Barely made a dent commercially, but put the company in a difficult financial situation where build quality was a bit lower and cars a bit more expensive for a while.
The point of these punishments should never be to kill a company, but to hurt investors, who are ultimately responsible for setting the CEOs agenda.
And, well, VW stock is still down about -80% compared to pre-dieselgate. So I would say eurocapitalism working as intended.
At the time, news reports credited the scandal with forcing VW to start investing in EVs. Without that scandal, they’d still be struggling to get started
Tesla was the top EV seller in Europe? I'm surprised.
I'm guessing the top electric-only vehicle excluding hybrids and plug-in hybrids? In the two or three European countries I visit often you definitely see more of those, at least anecdotally. But maybe London City techbros and finance bros outweight everybody else? That seems plausible.
I have to say, I find all of these reports and investor analyses on Tesla's PR woes way too optimistic about how well they'll recover if and when Musk "steps away from the government". I really don't think that genie is going back in the bottle, guys.
Fair. That's the problem of reporting about Europe or even just the EU as a unit. Big place, lots of cultural differences, lots of size differences in economies and populations across those cultures.
I never really understood the deal about hybrids anyway. To me, it just seems like the worst of both worlds. One of the coolest things about EVs is that you can just charge it at home but wirth a hybrid you need to charge it in addition to also driving to the gas station to fill up the tank. The battery is also way smaller, so the electric engine doesn't take you very far anyway. And whatever engine you're using, you always have to carry the weight of the other system. And since you have both, doesn't that mean that there's way more that can break too?
And that's just talking about plug-in hybrids, the ones that generate electricity using a combustion engine just seem like ICE vehicles with extra steps.
Huh. And even with that Tesla was dominating the space? That's a shocker.
Besides telling me that every other manufacturer was massively screwing up the big thing that would seem to indicate is that penetration was extremely uneven. I came into the thread wanting to see a chart, I'm coming out of it wanting to see a map.
Tesla understood that Batteries are expensive so let's make a fancy car so customer are OK to pay for the batteries main brand either didn't have an EV or tried to make a cheap electric car, cutting down the autonomy (e.g. the Renault Zoe). Add the whole We're a progressive company, so we give Tesla rather than diesel mercedes to our executive and Tesla was the main player on the niche market for a decade.
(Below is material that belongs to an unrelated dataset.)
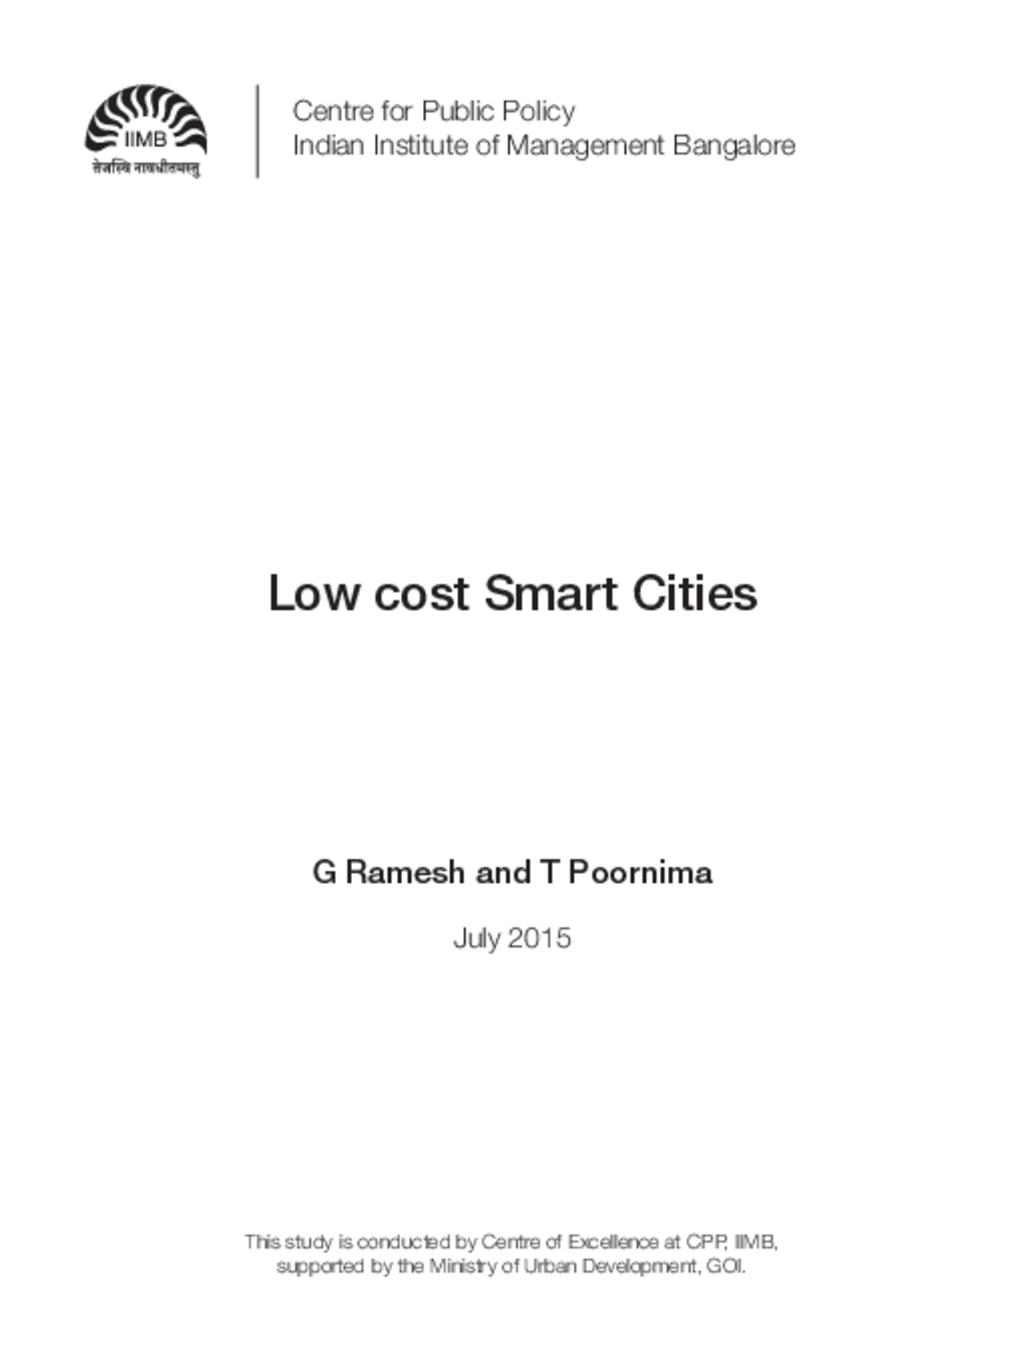 Low Cost Smart Cities

However, as electric car stop being a Niche, every brand has now several electrical models, from a affordable urban one_ to a comfortable and fancy one, If you can afford a Mercedes, Tesla is still an option (but then there is Musk personality not helping) but if you ain't rich, you can go to Volkswagen or Renault depending on how broke you are
You're telling me a cool story about how the Tesla business model is supposed to work. My question is why I've seen a grand total of one Tesla on the road across three countries and yet somehow it was seemingly the top EV brand.
Troed's answer above going "Teslas and full electric EVs in general are popular in very specific regional pockets" goes much further towards answering that question, I think.
I mean, plug-in hybrids are what they are, and in Europe in particular there's way less charging infrastructure, way more people living in apartments without the ability to set up a home charge station and way more anxiety about charging full electric EVs as a consequence, depending on the region. Hybrids are whatever, plug-in hybrids seem like a reasonable way to bridge that gap.
But I'm already entertaining this conversation way more than I want, because it's going to lead off on a tangent and I don't want to go on that tangent and we're going to end up in how public transport is the real answer and there are millions of threads here to go rehash that conversation.
Your point is purely anecdotal. I see lots of Teslas where I live, so there's that. I also see more BEVs than PHEVs, which is also in line with sales figures.
So, to be blunt, I think your perception is skewed or wrong.
Did the sentence "In the two or three European countries I visit often you definitely see more of those, at least anecdotally" tip you off? I find that very observant.